Chasing meme stocks, crypto and overvalued companies, investors forgot about cycles, their plane is far off course. But for those that evaluated and reviewed their heading (and actually had a plan), they may be off a bit, but they will be able to correct.

The chart below (values as of 5/17/22) shows how much of the S&P 500 down draft has been heavily impacted by just a few stocks.

As of today, the S&P 500 is down roughly 20%, but some technology stocks are down 50-80%. Own those stocks (or the sector) and you may be somewhere over the Pacific.


Looking at losses is no fun and can be a source of pain. But that pain is only on paper at present. More frequently than we have been accustomed to, we hear about earnings revisions that are on the downside.
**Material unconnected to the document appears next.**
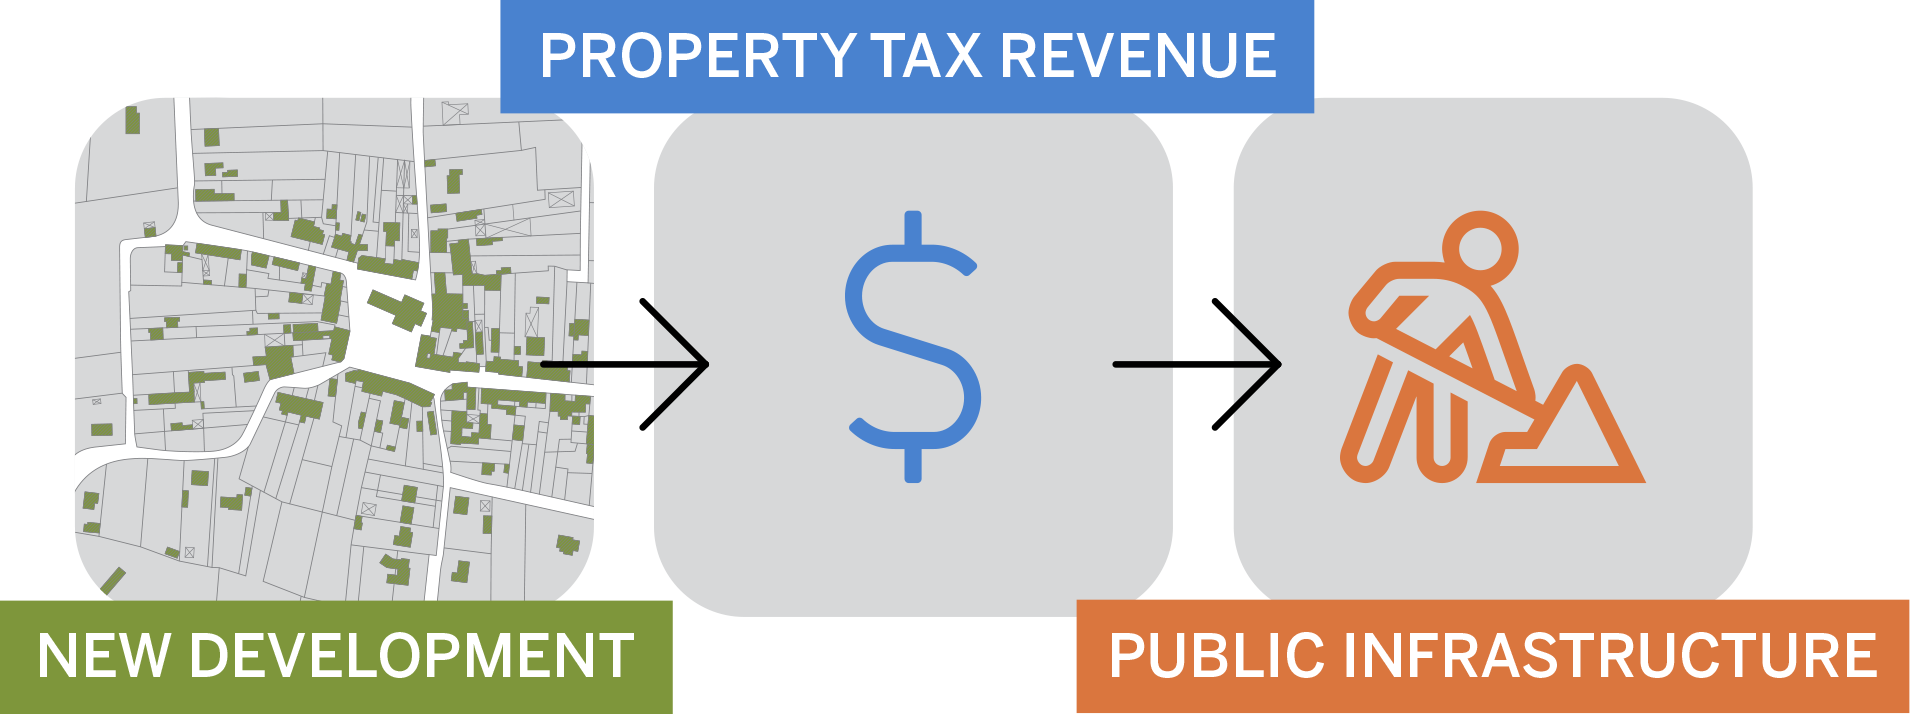 Infographic showing that TIF allows local governments to create districts where the property tax revenue from new development is used to pay for public infrastructure and other improvements

Companies are evaluating their markets and adjusting accordingly. Wal-Mart and Target realized they bulked up on inventory items that are no longer desired by consumers, they choose essentials over TVs.

Inflation has set in, and consumers responded… adjustments were made. Markets drop, we forgot about that. March of 2020 seems so far back.
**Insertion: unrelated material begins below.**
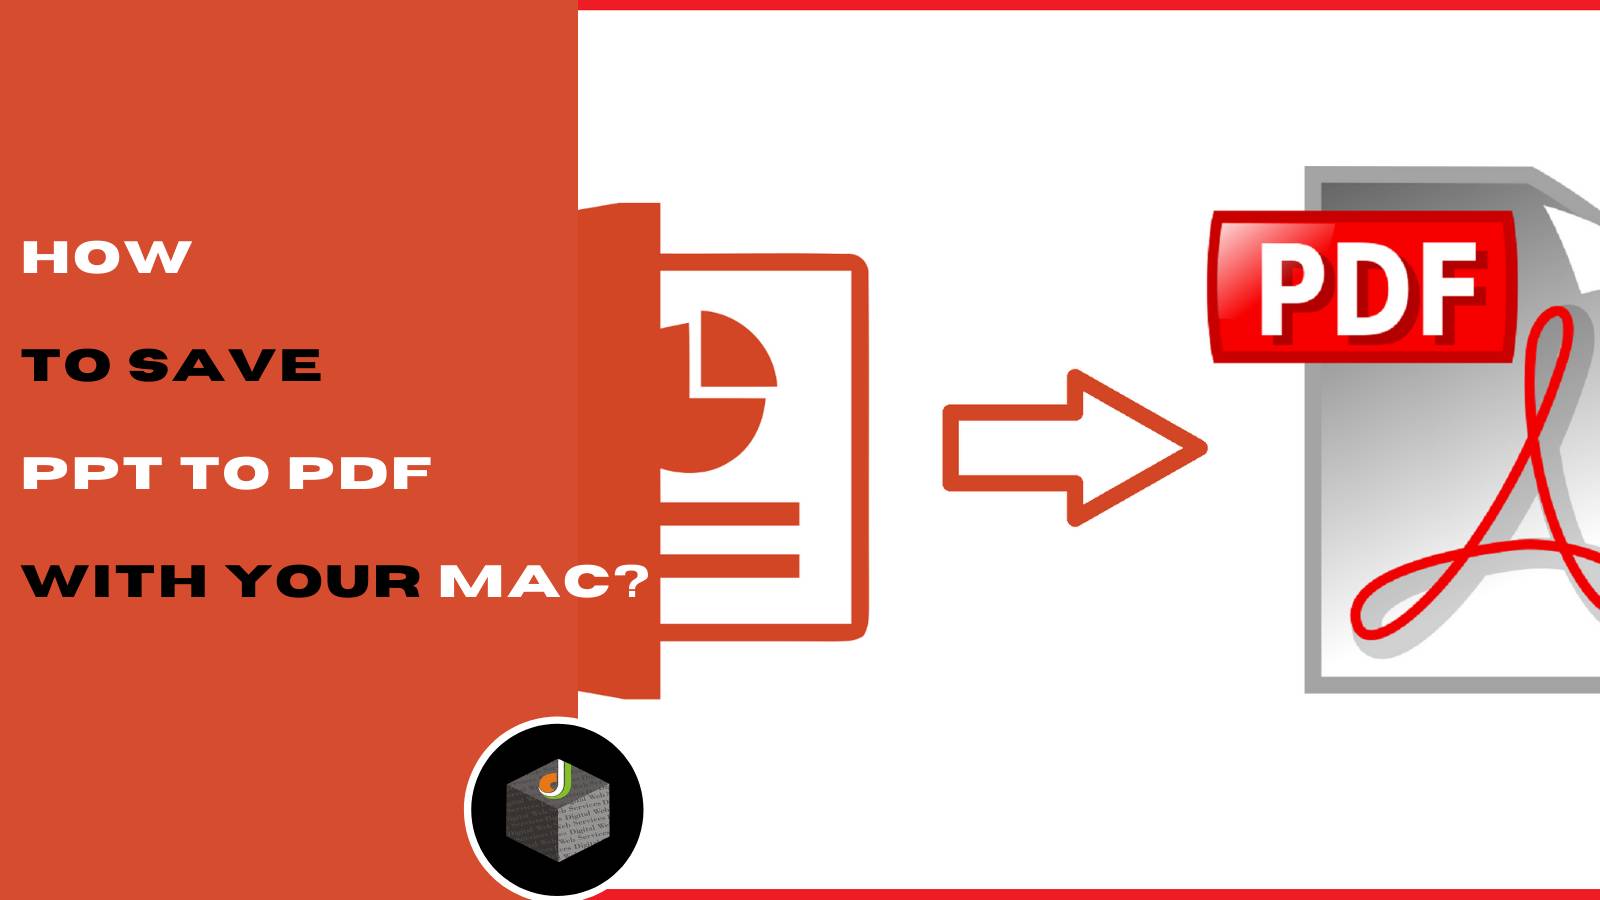 How To Save PPT To PDF With Your Mac

As the chart above shows, since 1980 markets have been down intra-year consistently.

Many times, by a large amount, but that doesn’t always mean a negative year.

Talk To Me, Goose

Bond yields are starting to stabilize. Meaning, not only do bonds now look attractive, but the cost of borrowing has hit a sweet spot to slow economic growth and inflation. Fighting and keeping inflation at bay is of utmost importance to the Fed, our economy, and the stock market.

An investor’s lifetime results are determined by how they react (or don’t) during times like these. Adjustments should have been made before you found yourself far off course. There will be times when we veer off, but how do we get back on track? Patience, not panic.

The chart here shows returns in different time frames after a pullback. If you panic today, you stand to throw your future investment success off course. Over correcting your heading in a down market can also threaten to keep your bearing off course. Other than the Great Depression, markets were positive over the next three years. In fact, many moved forward the next year.

Returns would not be possible without risk. The key to success is not to panic and try not to get distracted by the news and headlines. Lean on your team here at Spinnaker to focus on the markets.

Enjoy your life, your family, and friends. Unfortunately, markets like this happen… and they will happen again. Keeping emotions at bay and focusing on the future has shown, time after time, to be a good investment philosophy.

We appreciate your continued support and are grateful for the trust you place in us. We look forward to speaking with you soon.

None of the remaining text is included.